[Records excerpted from a collection]

○ ○ ○

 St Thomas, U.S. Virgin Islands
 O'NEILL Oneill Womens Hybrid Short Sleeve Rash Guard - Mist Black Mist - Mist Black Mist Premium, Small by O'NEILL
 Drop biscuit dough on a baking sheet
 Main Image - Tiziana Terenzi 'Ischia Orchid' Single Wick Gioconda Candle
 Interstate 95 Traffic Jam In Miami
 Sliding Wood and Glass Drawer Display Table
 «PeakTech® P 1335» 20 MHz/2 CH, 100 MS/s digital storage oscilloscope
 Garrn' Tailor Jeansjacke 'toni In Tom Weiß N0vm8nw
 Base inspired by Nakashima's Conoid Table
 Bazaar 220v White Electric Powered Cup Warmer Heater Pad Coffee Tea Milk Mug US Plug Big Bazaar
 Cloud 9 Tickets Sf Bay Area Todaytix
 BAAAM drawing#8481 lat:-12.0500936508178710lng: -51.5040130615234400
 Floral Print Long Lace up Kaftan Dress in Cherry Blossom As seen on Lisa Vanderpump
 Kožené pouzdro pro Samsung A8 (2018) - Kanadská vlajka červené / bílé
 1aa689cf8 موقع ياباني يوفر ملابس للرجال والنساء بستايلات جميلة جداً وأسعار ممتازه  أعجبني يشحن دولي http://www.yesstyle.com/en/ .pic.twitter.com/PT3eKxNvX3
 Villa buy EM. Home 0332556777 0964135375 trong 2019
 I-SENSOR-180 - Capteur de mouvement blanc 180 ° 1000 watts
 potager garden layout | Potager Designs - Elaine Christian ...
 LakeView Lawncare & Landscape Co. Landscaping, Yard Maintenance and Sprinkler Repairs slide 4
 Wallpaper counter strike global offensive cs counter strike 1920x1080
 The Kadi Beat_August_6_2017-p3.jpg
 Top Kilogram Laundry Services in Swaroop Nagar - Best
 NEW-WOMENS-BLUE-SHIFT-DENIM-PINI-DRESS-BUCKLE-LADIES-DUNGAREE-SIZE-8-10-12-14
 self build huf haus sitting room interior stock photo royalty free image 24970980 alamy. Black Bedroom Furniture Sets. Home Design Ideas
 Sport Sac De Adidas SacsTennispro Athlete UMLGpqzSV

○ ○ ○

### [Task]
From the line containing "Villa buy EM." down to the final line of the data, write out every line exactly; both the first and last of these belong in your answer, and nothing else does.

### [Written response]
 Villa buy EM. Home 0332556777 0964135375 trong 2019
 I-SENSOR-180 - Capteur de mouvement blanc 180 ° 1000 watts
 potager garden layout | Potager Designs - Elaine Christian ...
 LakeView Lawncare & Landscape Co. Landscaping, Yard Maintenance and Sprinkler Repairs slide 4
 Wallpaper counter strike global offensive cs counter strike 1920x1080
 The Kadi Beat_August_6_2017-p3.jpg
 Top Kilogram Laundry Services in Swaroop Nagar - Best
 NEW-WOMENS-BLUE-SHIFT-DENIM-PINI-DRESS-BUCKLE-LADIES-DUNGAREE-SIZE-8-10-12-14
 self build huf haus sitting room interior stock photo royalty free image 24970980 alamy. Black Bedroom Furniture Sets. Home Design Ideas
 Sport Sac De Adidas SacsTennispro Athlete UMLGpqzSV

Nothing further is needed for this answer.